┌─ TASK INPUT
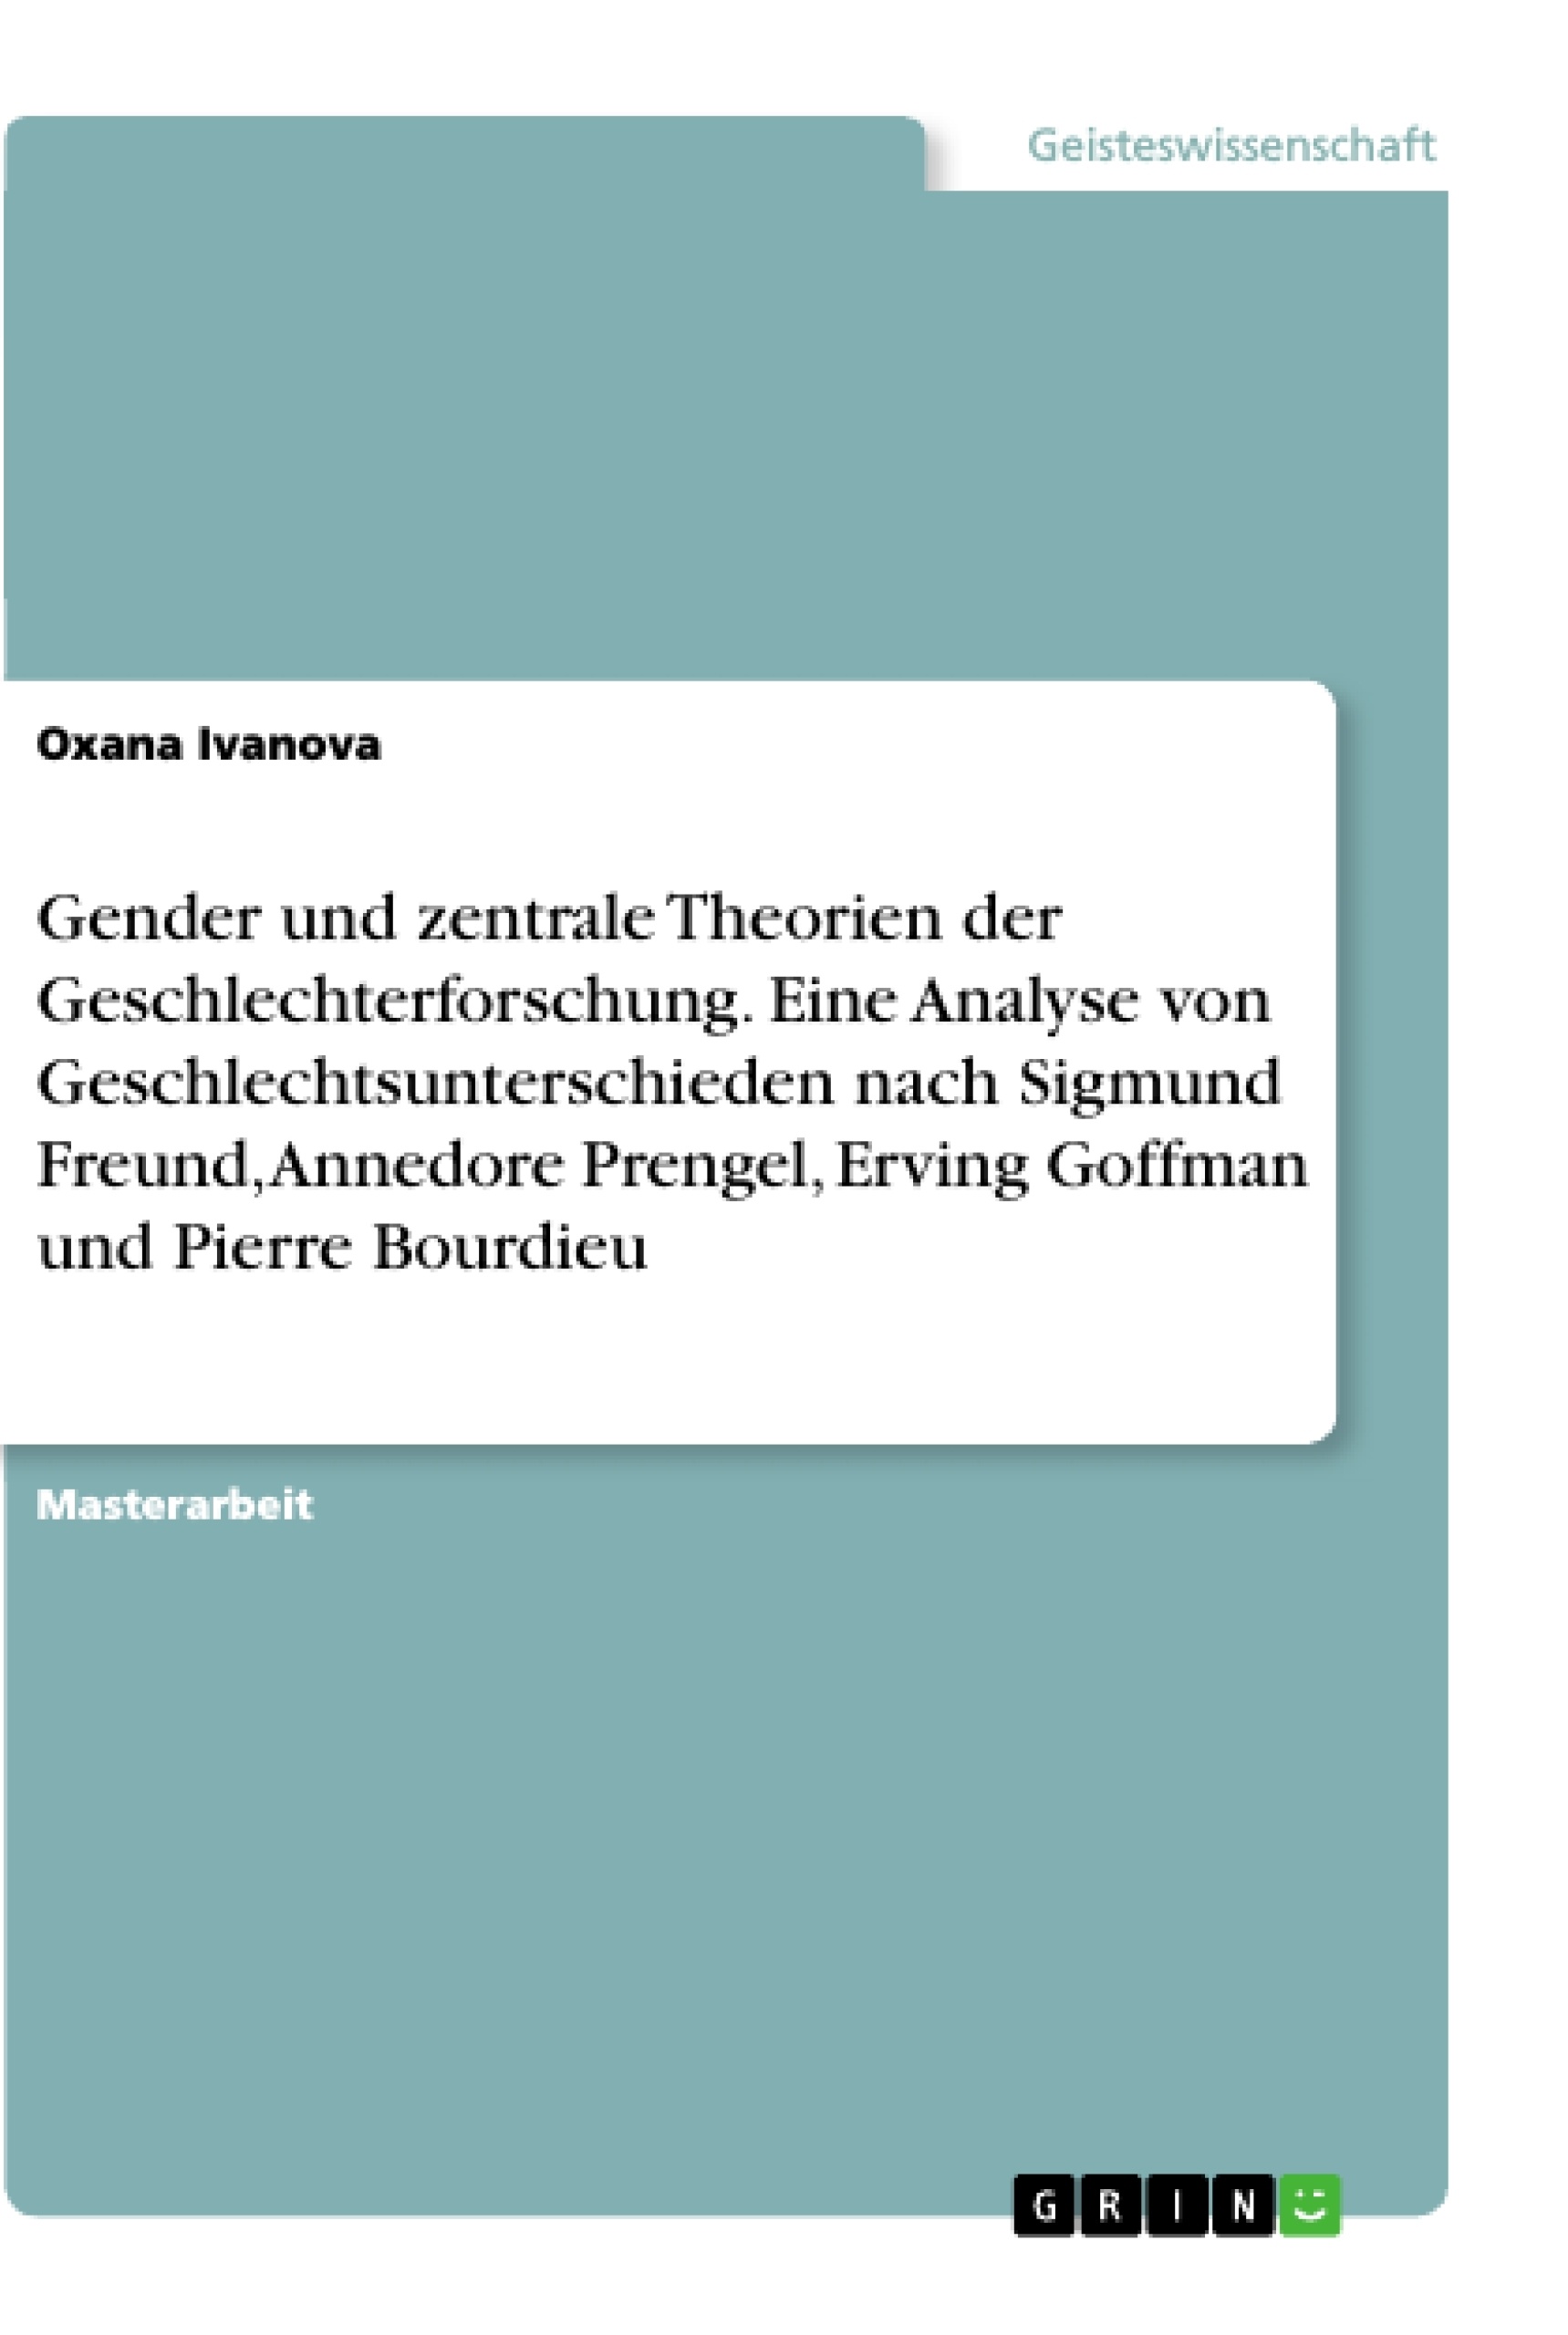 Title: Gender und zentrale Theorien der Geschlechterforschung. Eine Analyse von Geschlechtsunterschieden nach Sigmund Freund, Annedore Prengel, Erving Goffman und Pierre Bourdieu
└─
┌─ TASK INPUT
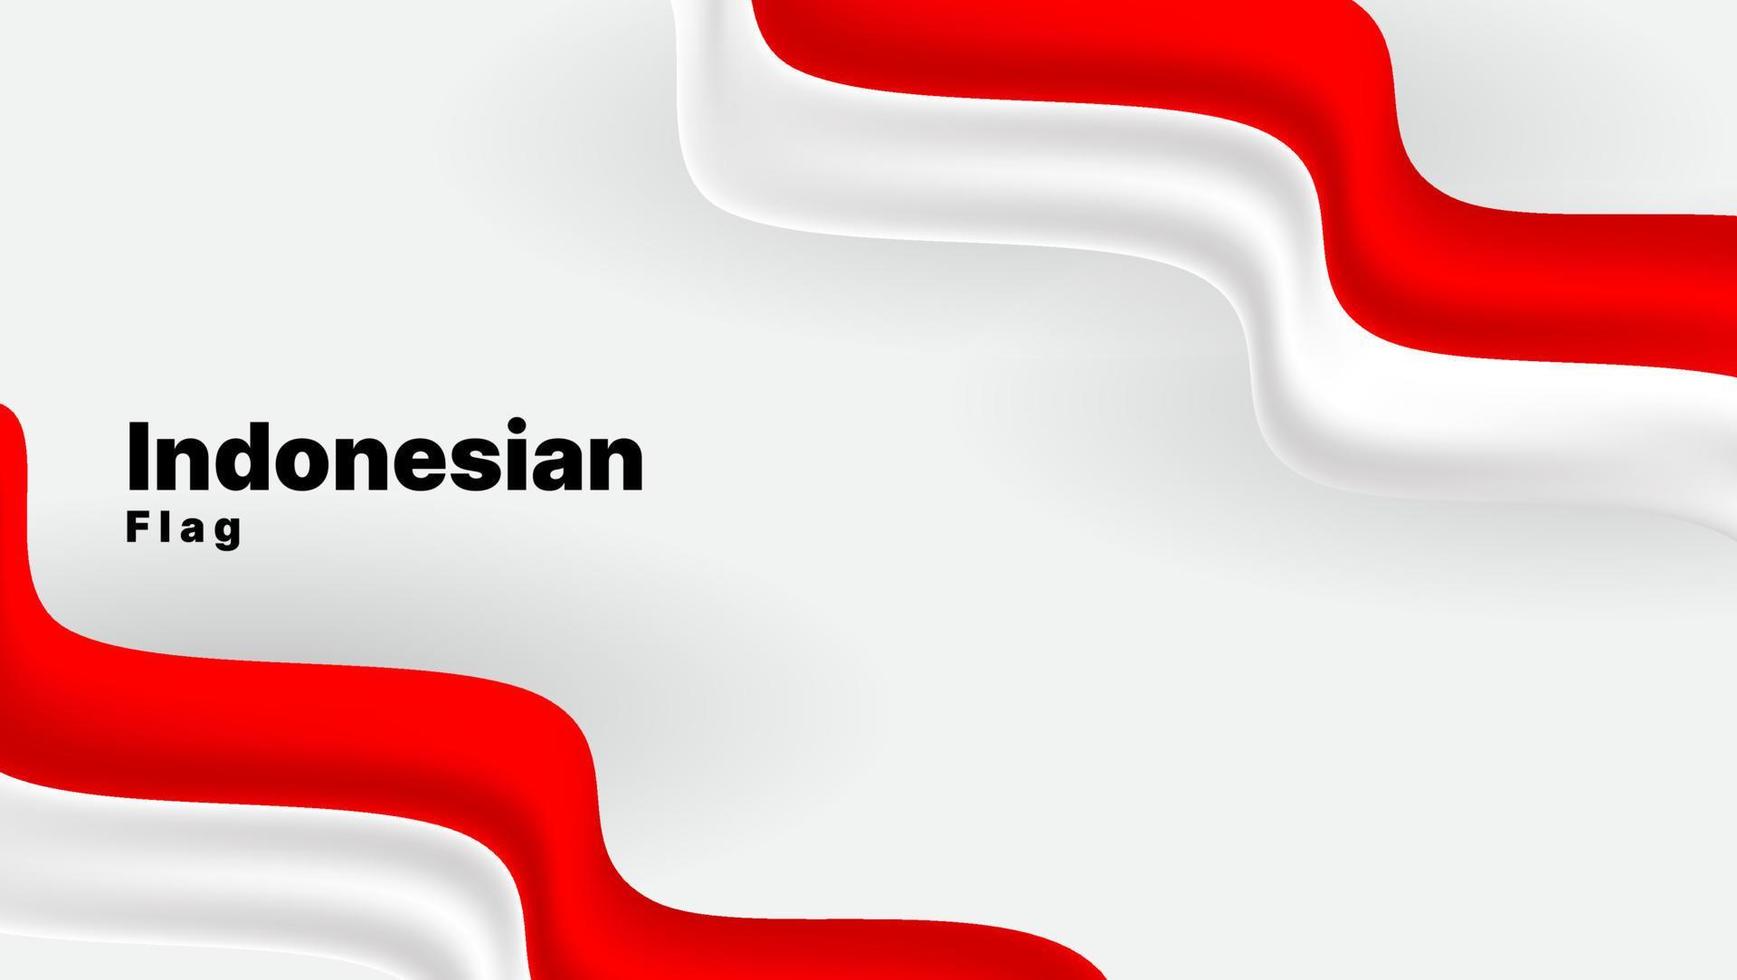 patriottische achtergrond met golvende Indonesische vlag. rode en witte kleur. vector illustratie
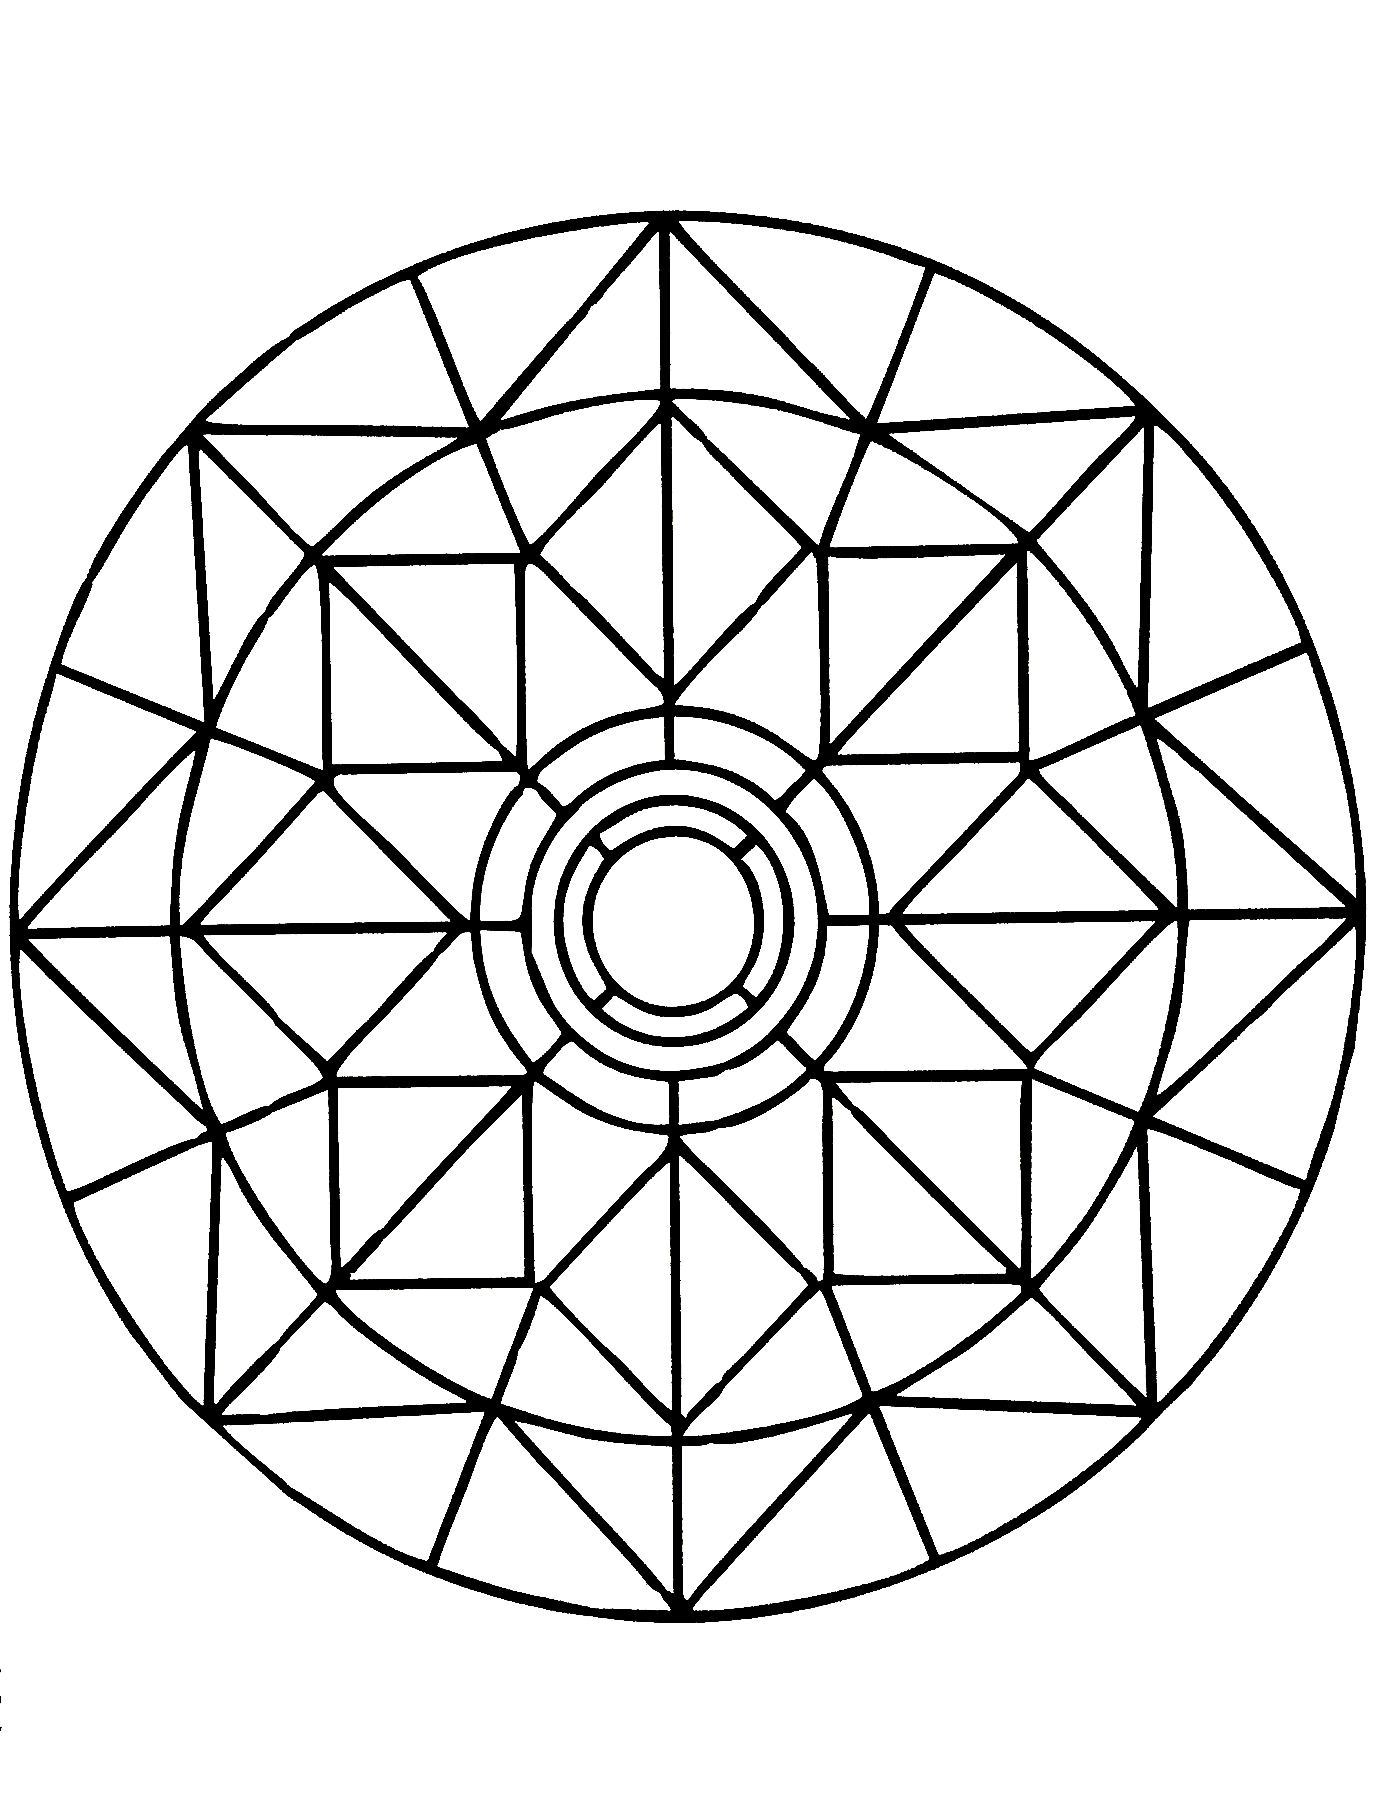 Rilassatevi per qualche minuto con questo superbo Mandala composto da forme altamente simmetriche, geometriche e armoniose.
└─
┌─ TASK INPUT
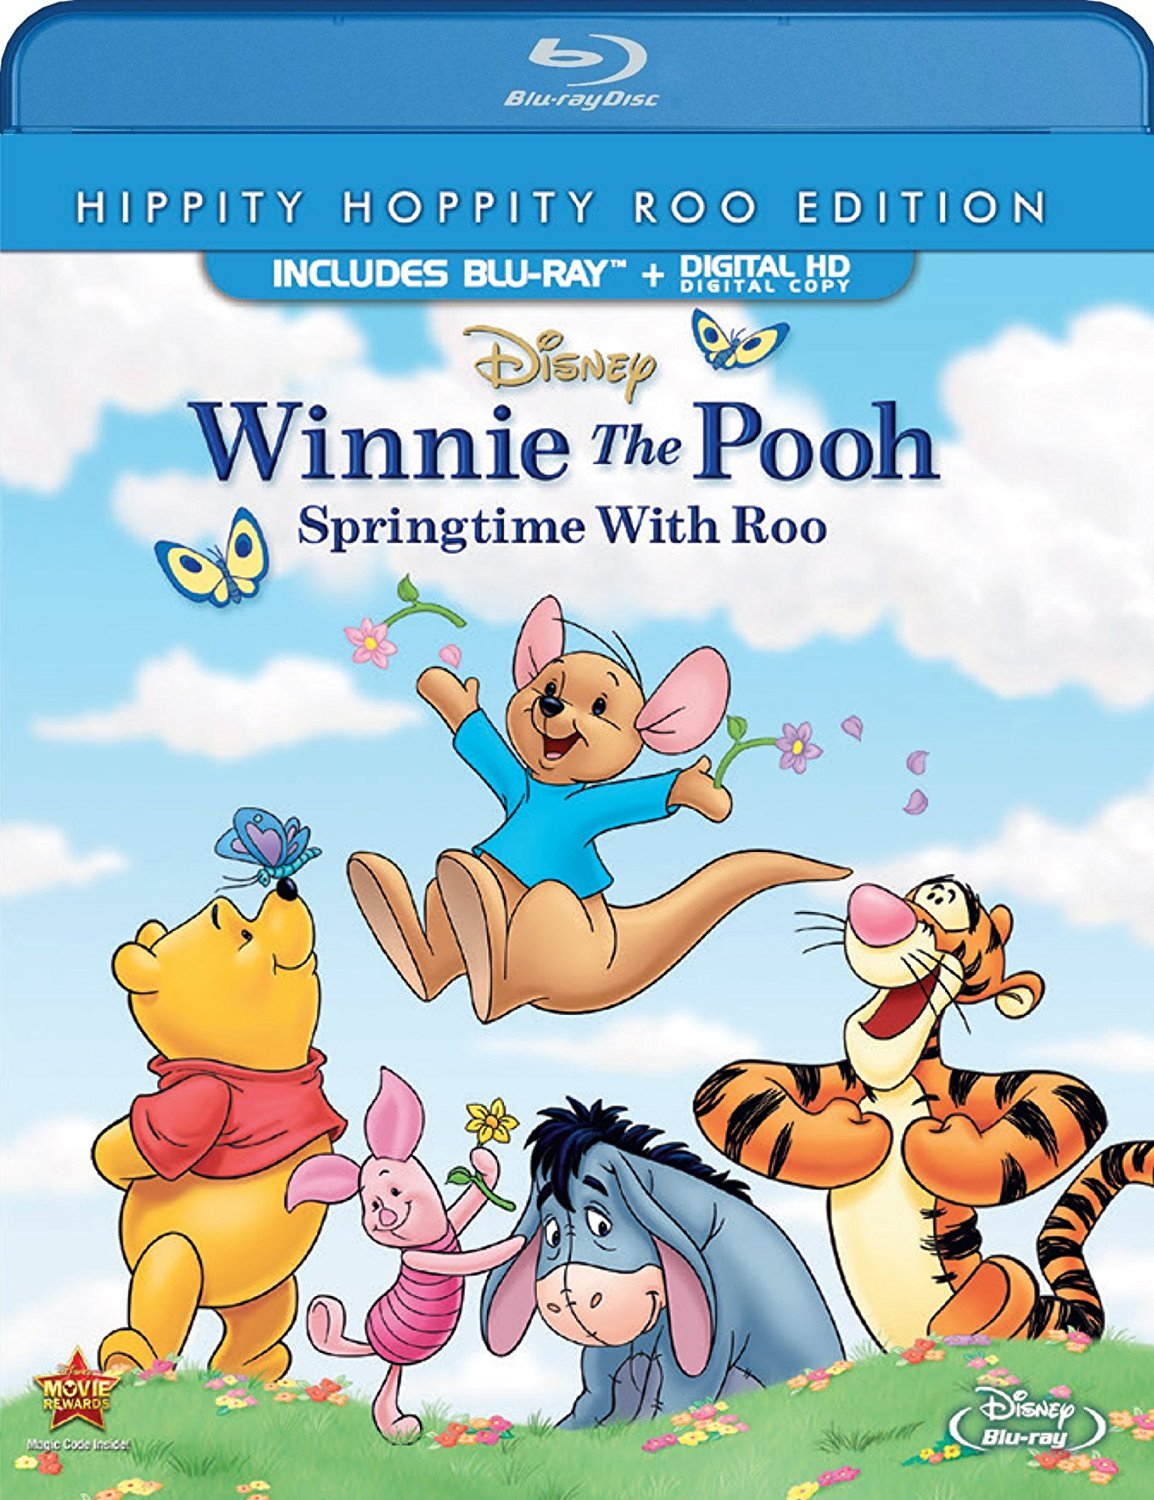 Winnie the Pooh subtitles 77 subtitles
└─
▸ **REQUIREMENT**:
Output only the lines above from the line that holds "patriottische achtergrond met" through the line that holds "Rilassatevi per qualche", both ends included, and exclude pictures.

▸ **TASK OUTPUT**:
 patriottische achtergrond met golvende Indonesische vlag. rode en witte kleur. vector illustratie
 Rilassatevi per qualche minuto con questo superbo Mandala composto da forme altamente simmetriche, geometriche e armoniose.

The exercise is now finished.